Task goal: After locating the line that contains "Garnier Nutrisse Ultra" in the material below, copy that line and each one following it, exactly, up to the last line. Pictures stay out.
━━━━━ Data provided ━━━━━
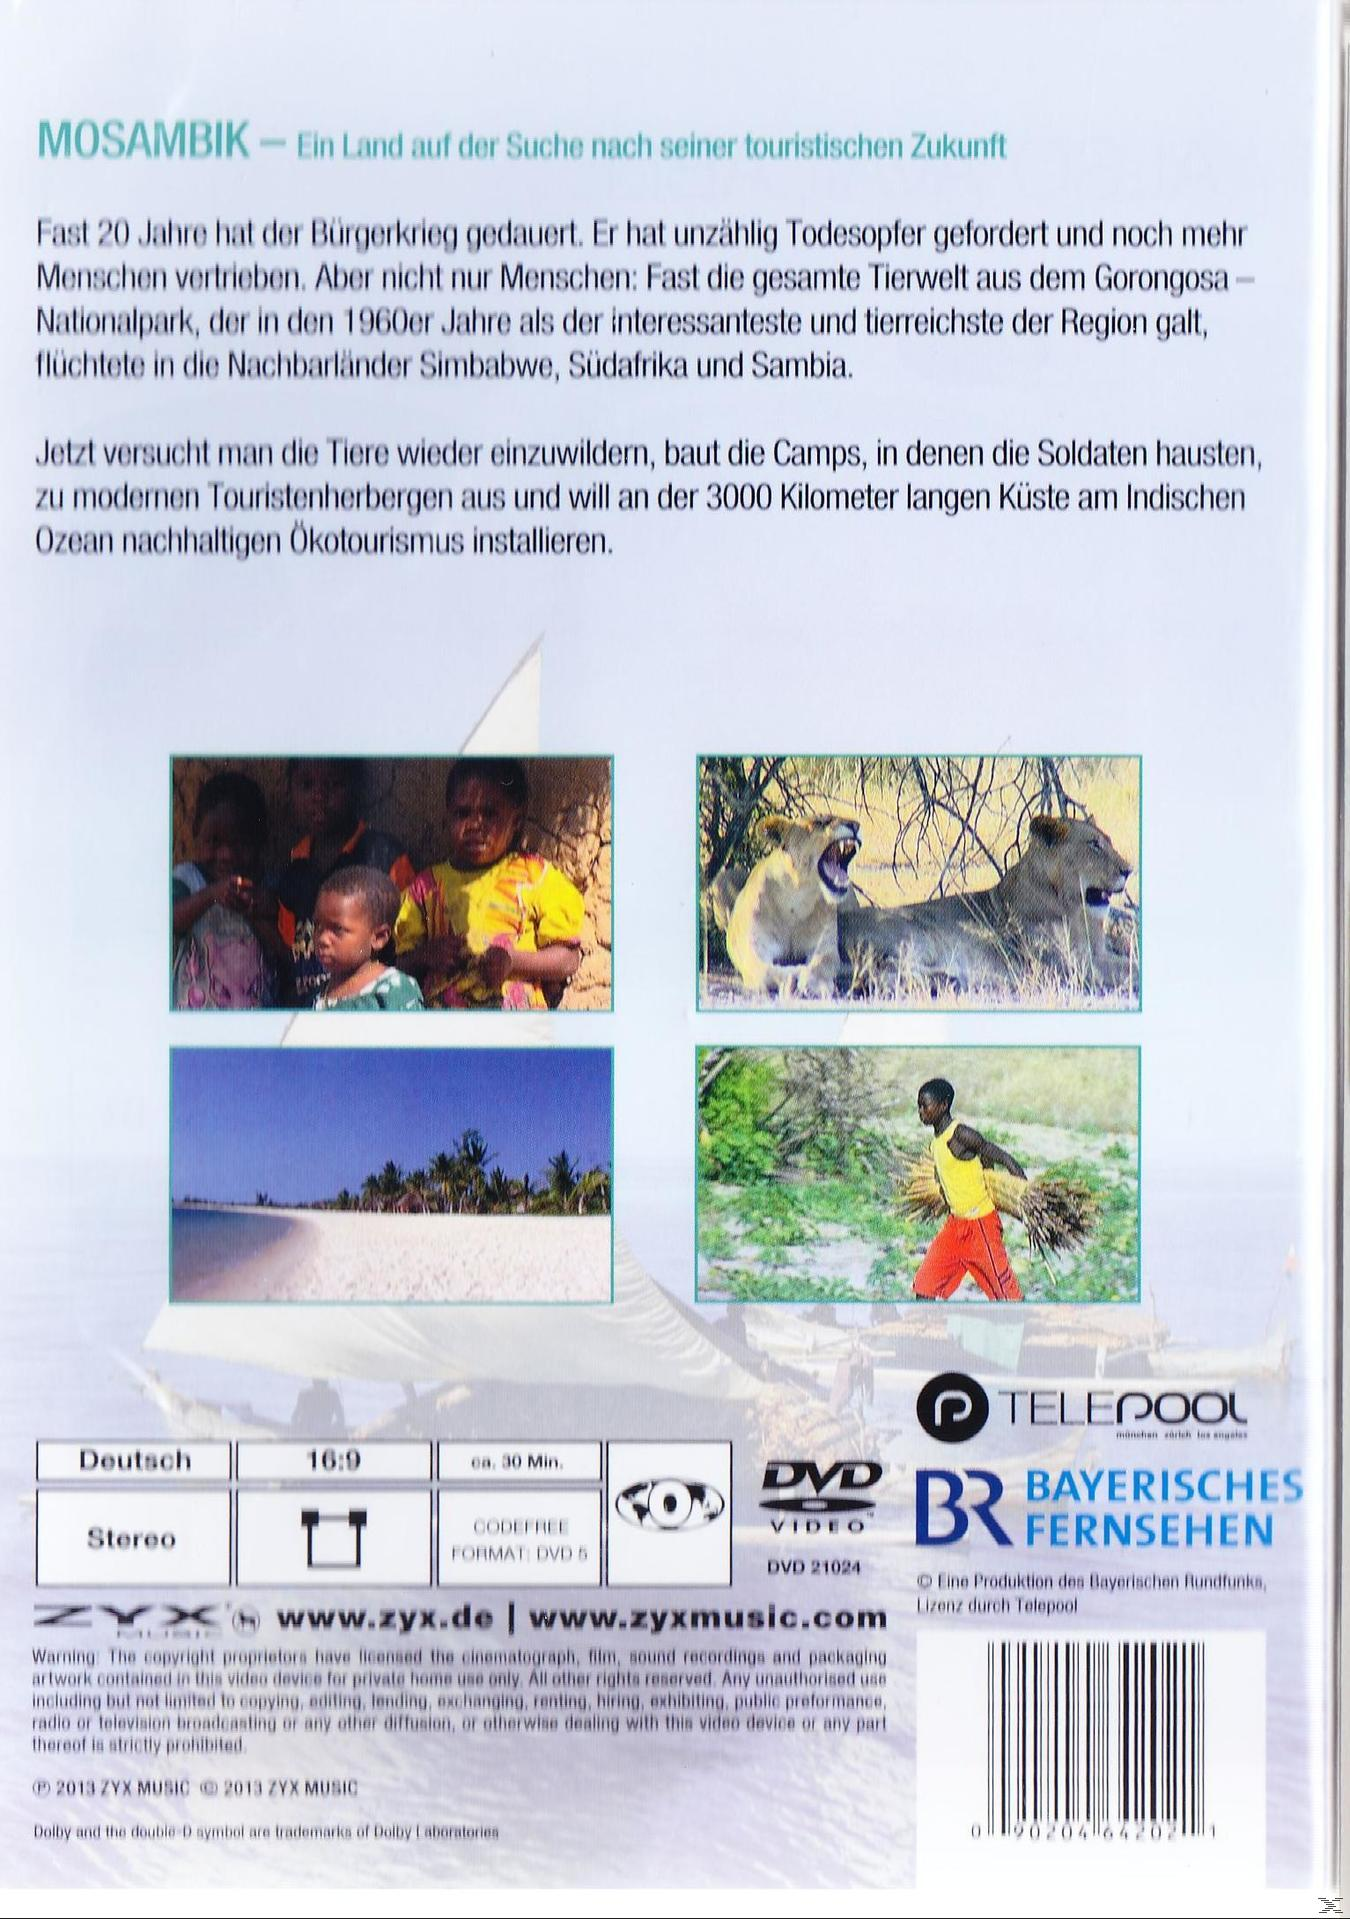 BR-Fernweh: Mosambik DVD
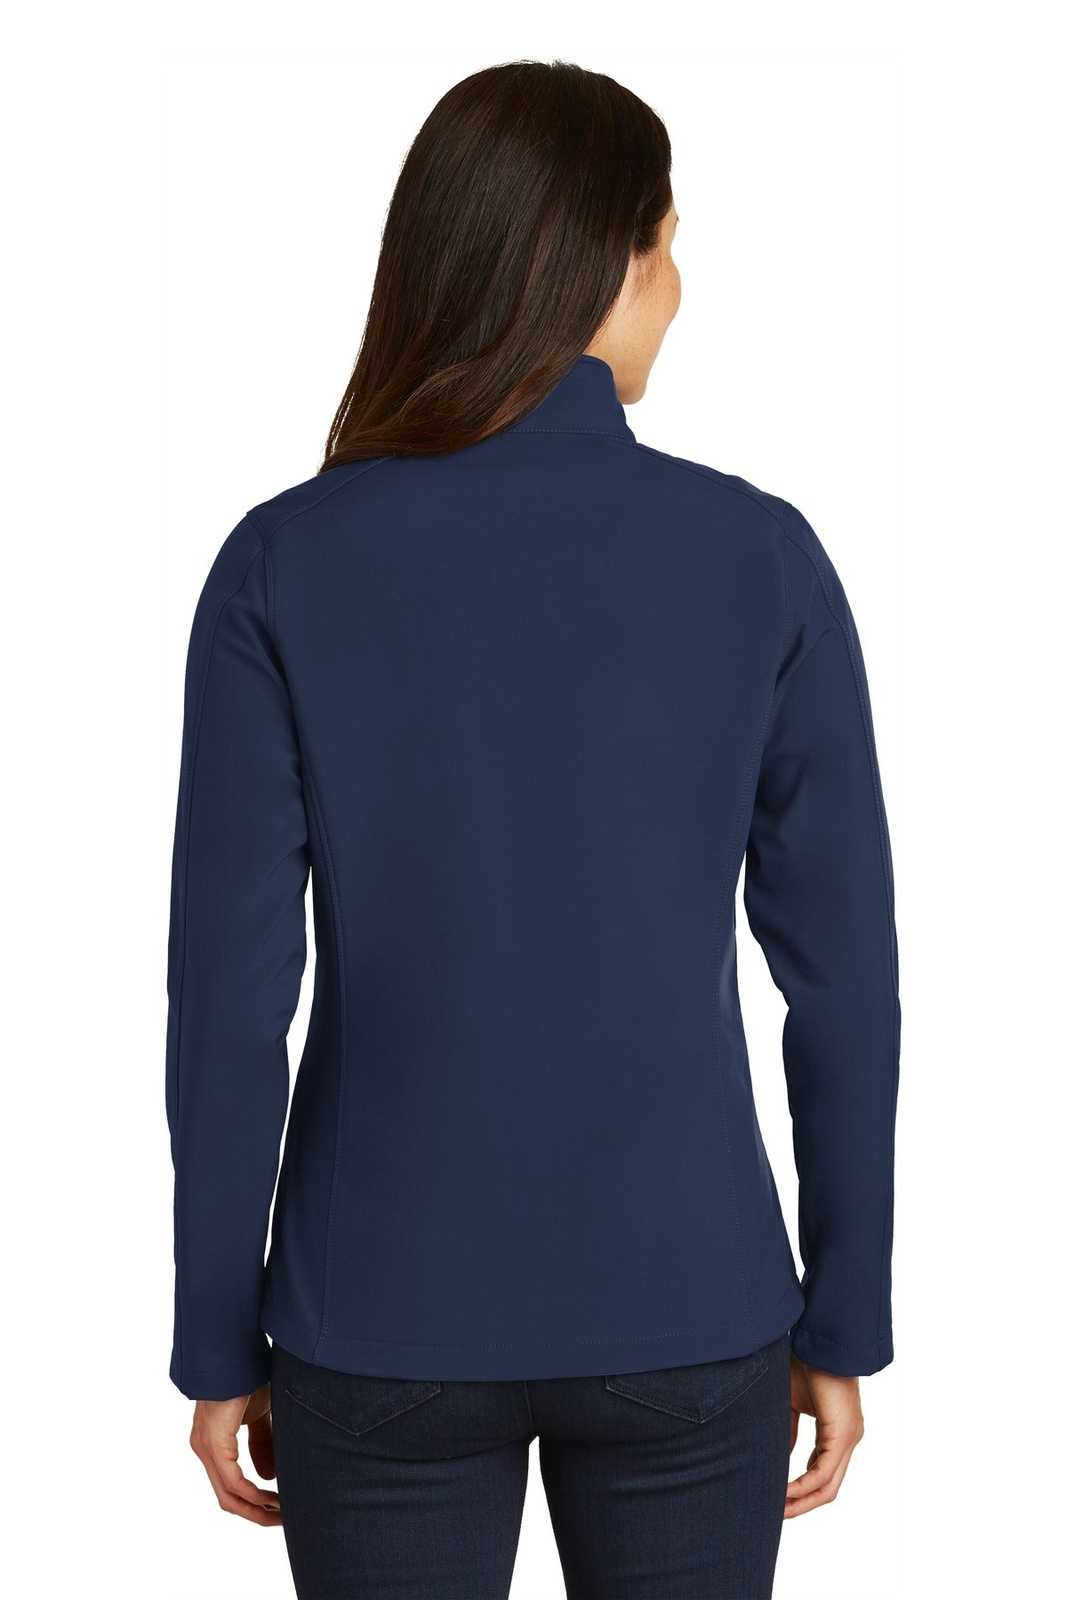 Port Authority L317 Ladies Core Soft Shell Jacket - Dress Blue Navy - HIT a Double - 1
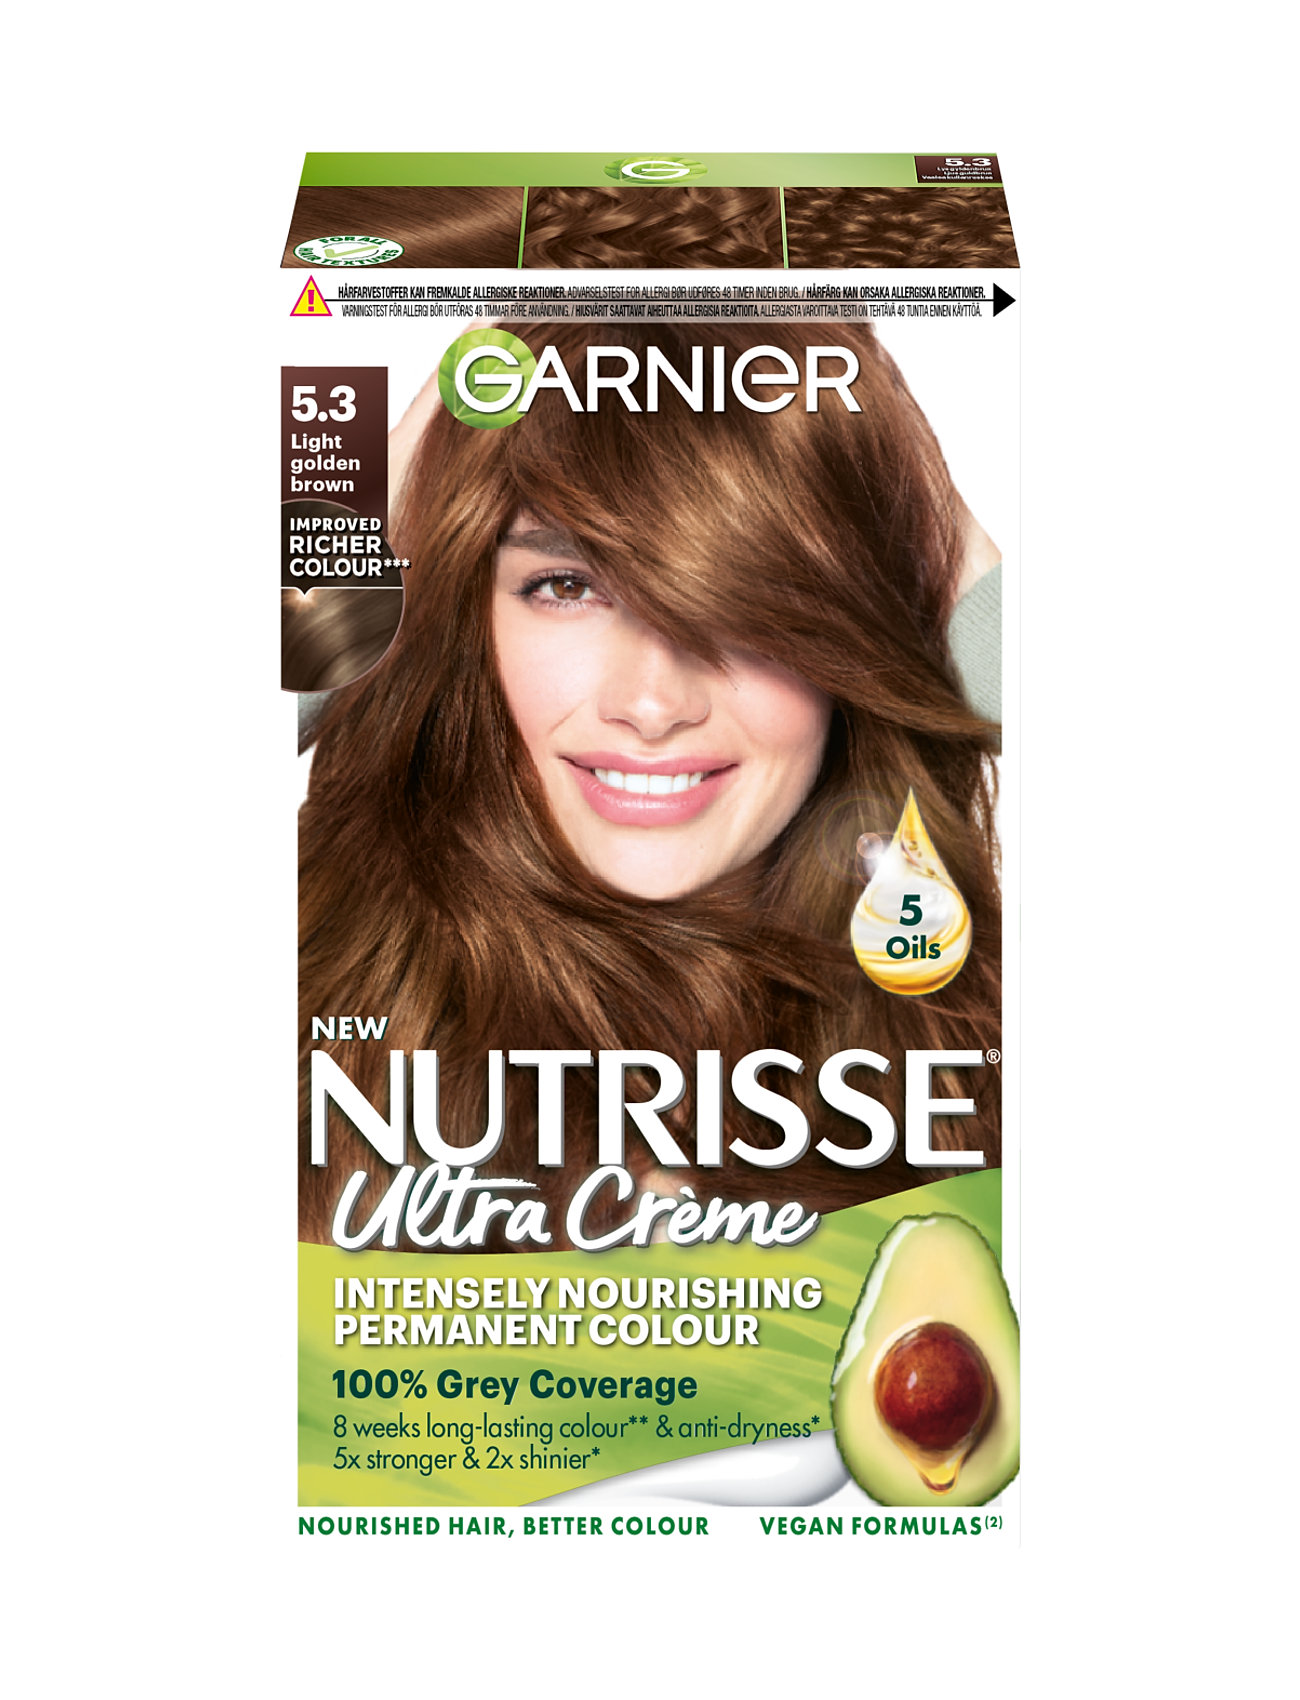 Garnier Nutrisse Ultra Crème 5.3Light Golden Brown Beauty Women Hair Care Color Treatments Nude Garnier
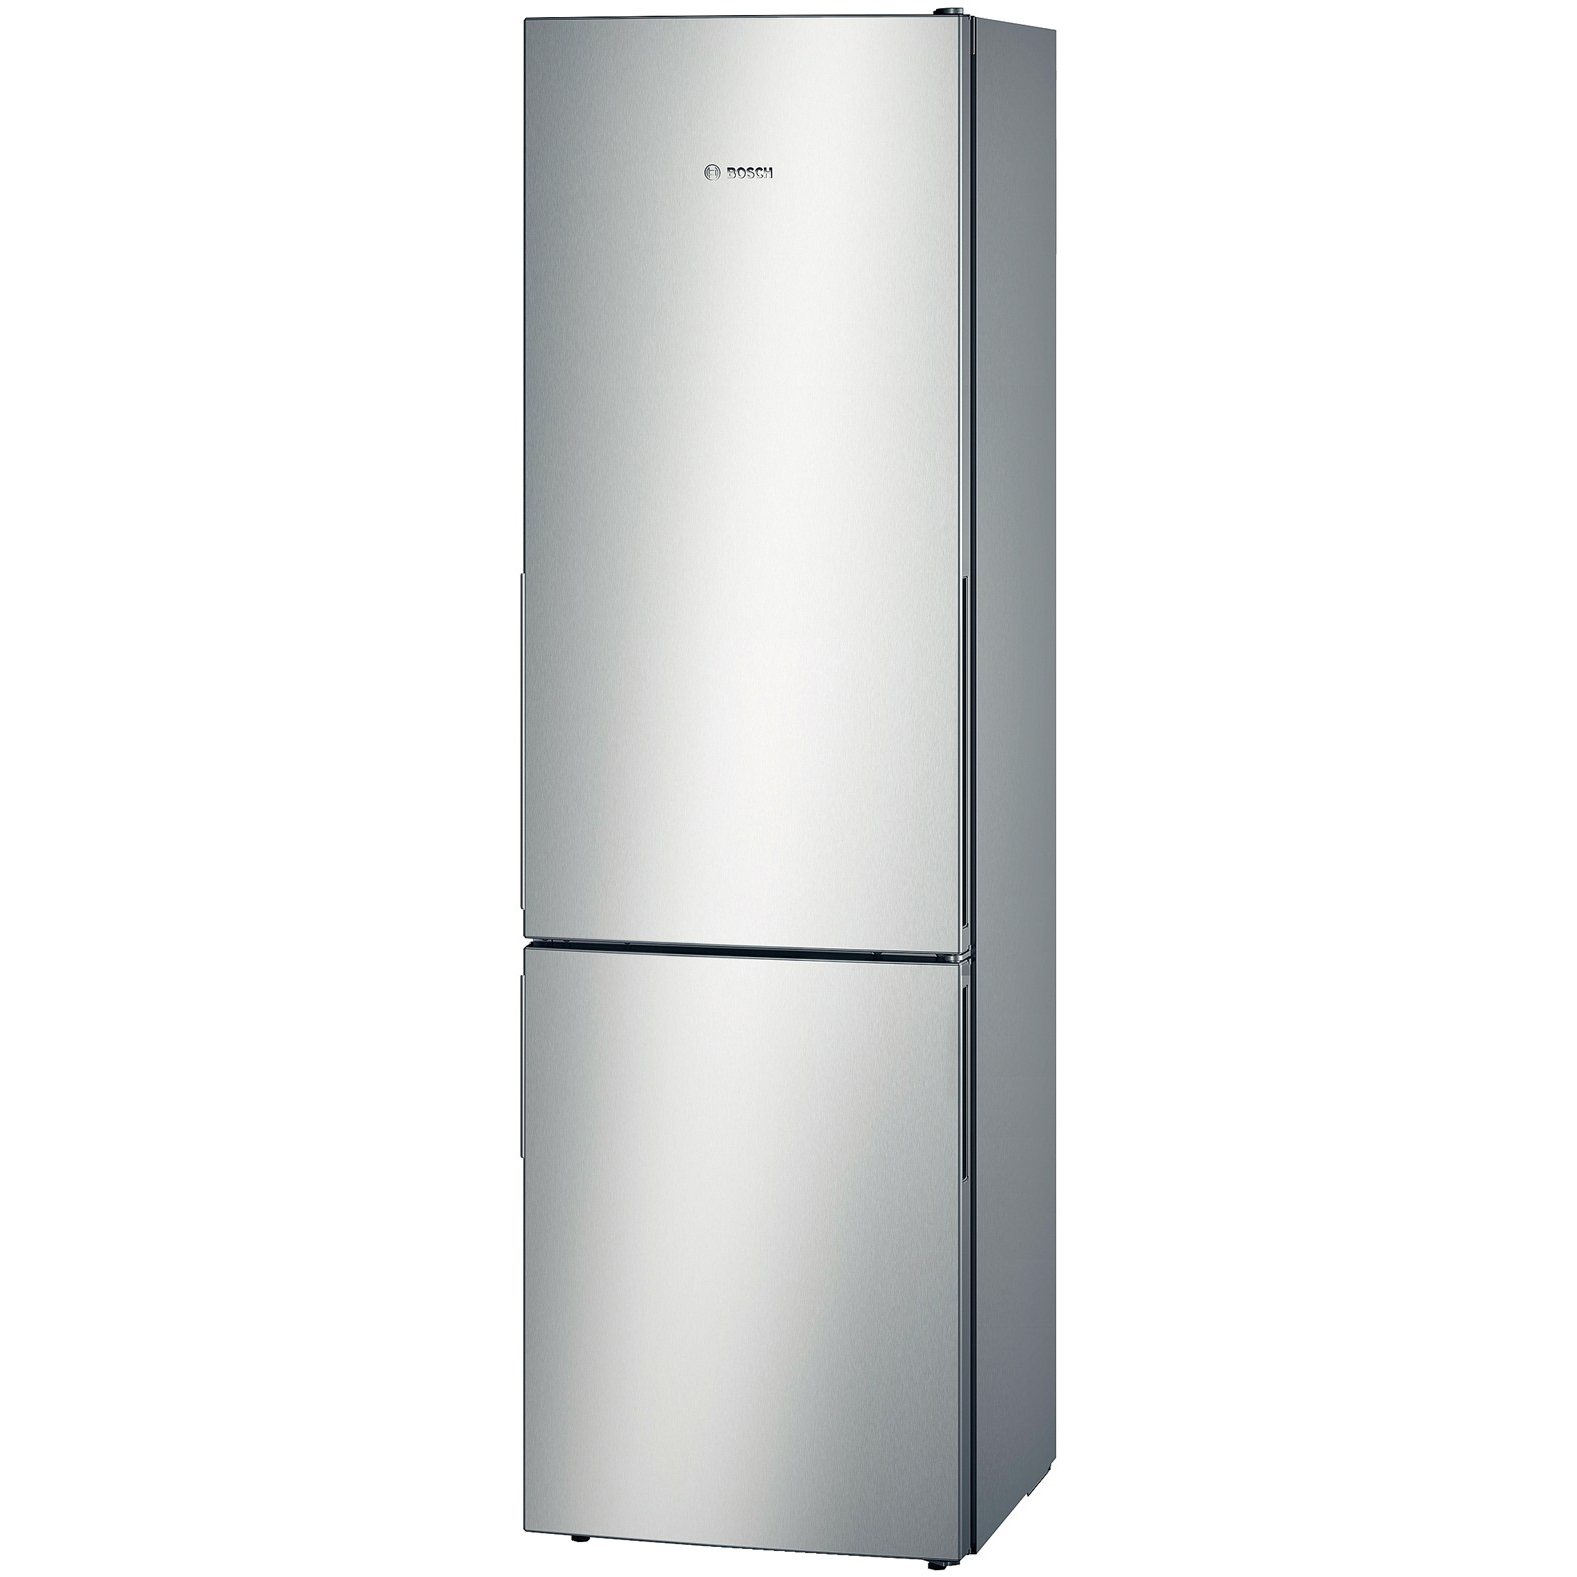  Combina frigorifica Bosch KGE39BL41, 339 l, Clasa A+++, Inox
━━━━━
Output of the task:
 Garnier Nutrisse Ultra Crème 5.3Light Golden Brown Beauty Women Hair Care Color Treatments Nude Garnier
  Combina frigorifica Bosch KGE39BL41, 339 l, Clasa A+++, Inox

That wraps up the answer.